Concept

Johann Friedrich Overbeck

Summary
Johann Friedrich Overbeck (3 July 1789 - 12 November 1869) was a German painter and a founder of the Nazarene art movement. Overbeck was born in Lübeck in 1789. His family had been Protestant pastors for three generations ; his father Christian Adolph Overbeck (1755-1821) was doctor of law, poet, mystic pietist and burgomaster of Lübeck. Near the family mansion in the Konigstrasse stood the Gymnasium, where his uncle, a doctor of theology and a voluminous writer, was the master; there Johann became a classic scholar and received instruction in art. Overbeck left Lübeck in March 1806, and studied at the academy of Vienna, then under the direction of Heinrich Friedrich Füger.
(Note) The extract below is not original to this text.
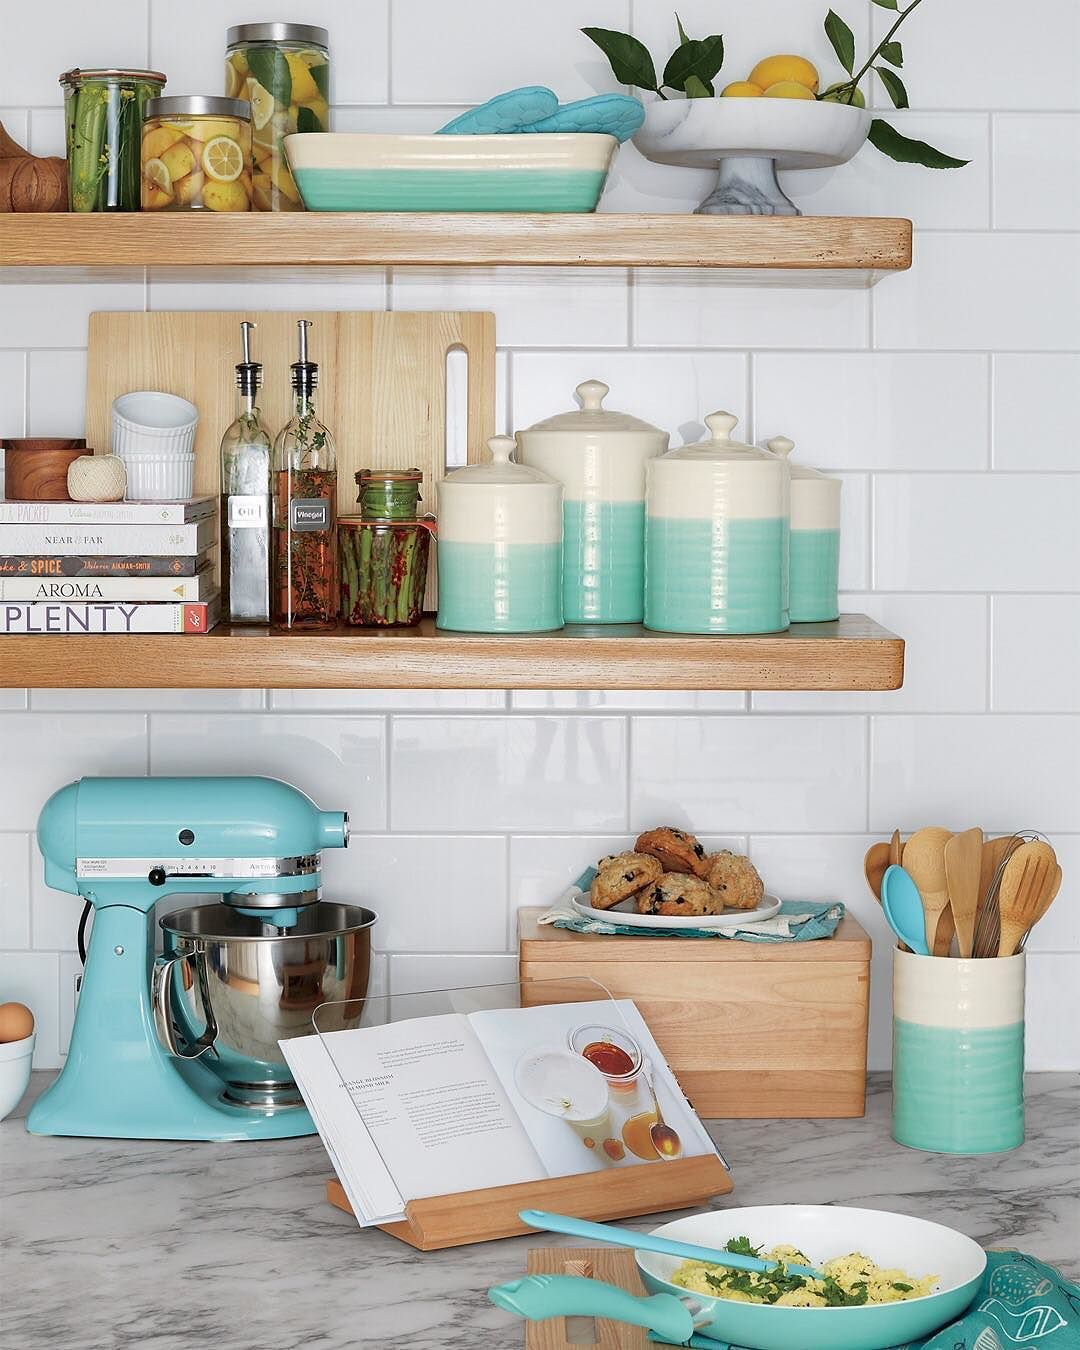 dash kitchen appliances design app a of aqua plus pinch cream shoplinkinbio

While he gained some of the polished technical aspects of the neoclassic painters, he was alienated by lack of religious spirituality in the themes chosen by his masters. He wrote to a friend that he had fallen among a vulgar set, that every noble thought was suppressed within the academy and that losing all faith in humanity, he had turned inward to his faith for inspiration. In Overbeck's view, the nature of earlier European art had been corrupted throughout contemporary Europe, starting centuries before the French Revolution, and the process of discarding its Christian orientation was proceeding further now. He sought to express Christian art before the corrupting influence of the late Renaissance, casting aside his contemporary influences, and taking as a guide early Italian Renaissance painters, up to and including Raphael. The training methods at the academy of Vienna were at an international level; however Overbeck wrote to his father around 1808, was it lacked "heart, soul, sensation!" Instead of technical skills and slavish studies ("sklavisches Studium") exercising and working "with a pure heart" ("in einem reinen Herzen") would aim to a renewal of art. Together with other disaffected young artists at the academy, he started a group named the Lukasbund, dedicated to exploring his alternative vision for art.